**Supplied information**.
== == ==

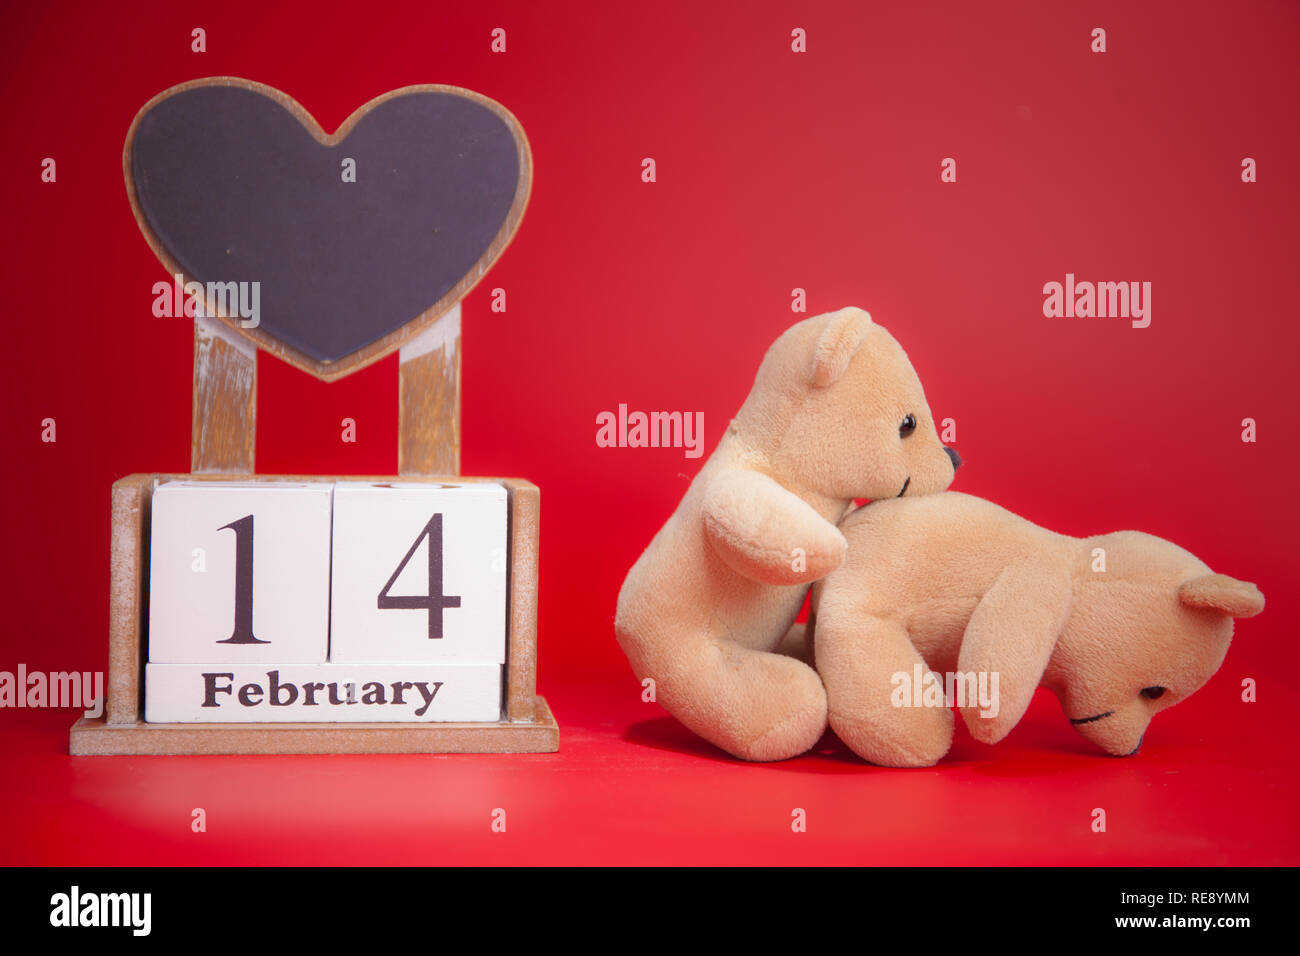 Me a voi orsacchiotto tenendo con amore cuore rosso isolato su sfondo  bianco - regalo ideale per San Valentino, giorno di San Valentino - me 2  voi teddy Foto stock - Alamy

== == ==

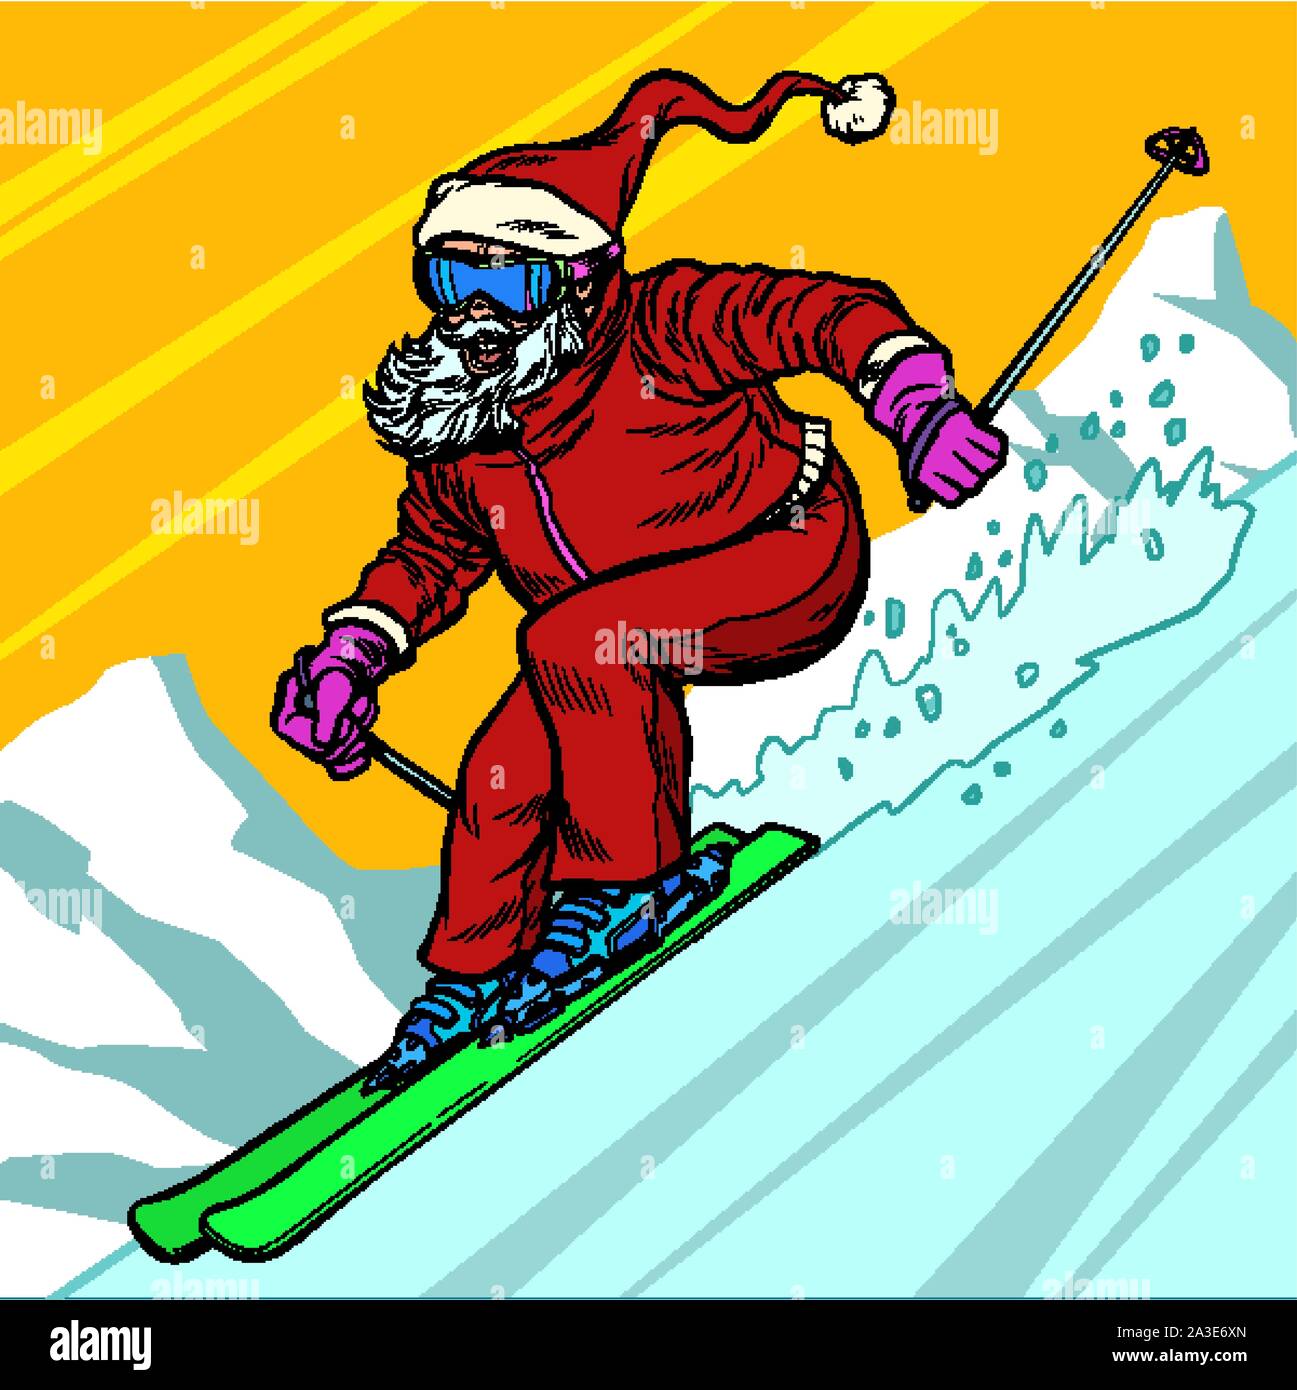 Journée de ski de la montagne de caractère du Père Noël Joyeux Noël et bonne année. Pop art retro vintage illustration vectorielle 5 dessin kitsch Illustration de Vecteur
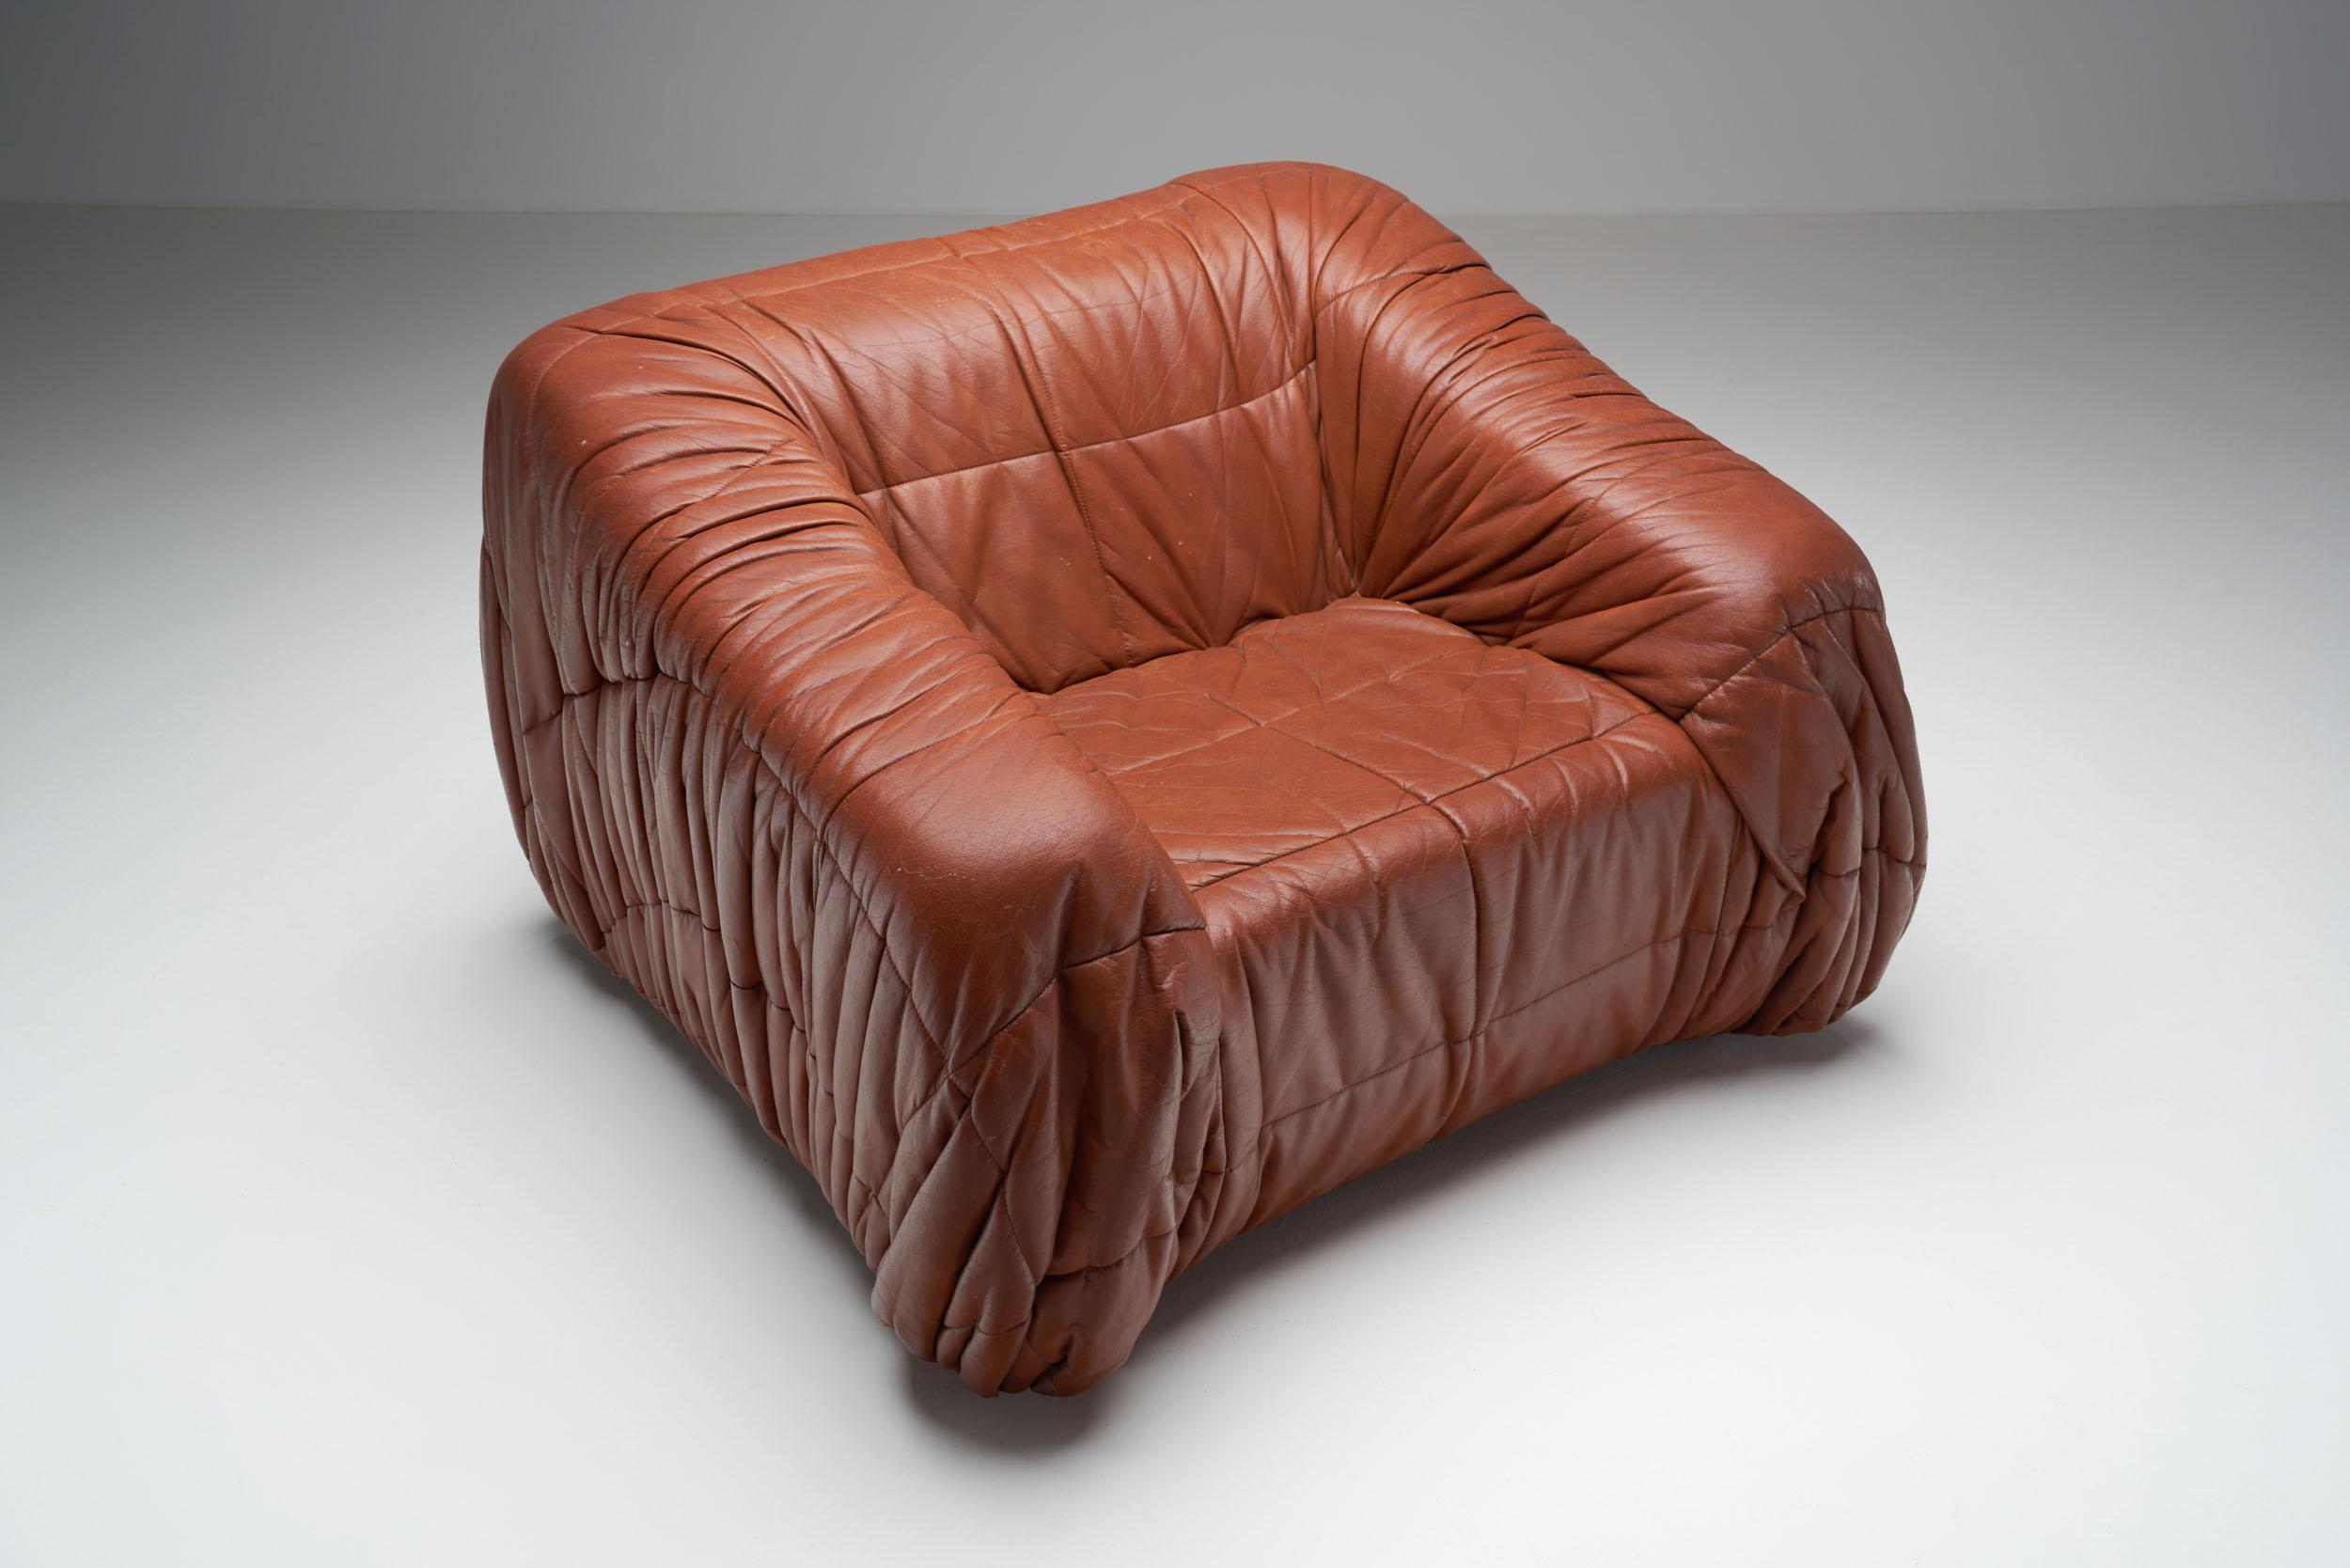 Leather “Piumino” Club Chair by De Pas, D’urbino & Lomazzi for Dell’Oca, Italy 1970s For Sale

== == ==

**The problem**. Your task is to copy only the lines above starting at the one containing "Journée de ski" and ending at the one containing "1970s For Sale". Copy them exactly, both ends included, and omit the pictures.

**Expected output**.
 Journée de ski de la montagne de caractère du Père Noël Joyeux Noël et bonne année. Pop art retro vintage illustration vectorielle 5 dessin kitsch Illustration de Vecteur
 Leather “Piumino” Club Chair by De Pas, D’urbino & Lomazzi for Dell’Oca, Italy 1970s For Sale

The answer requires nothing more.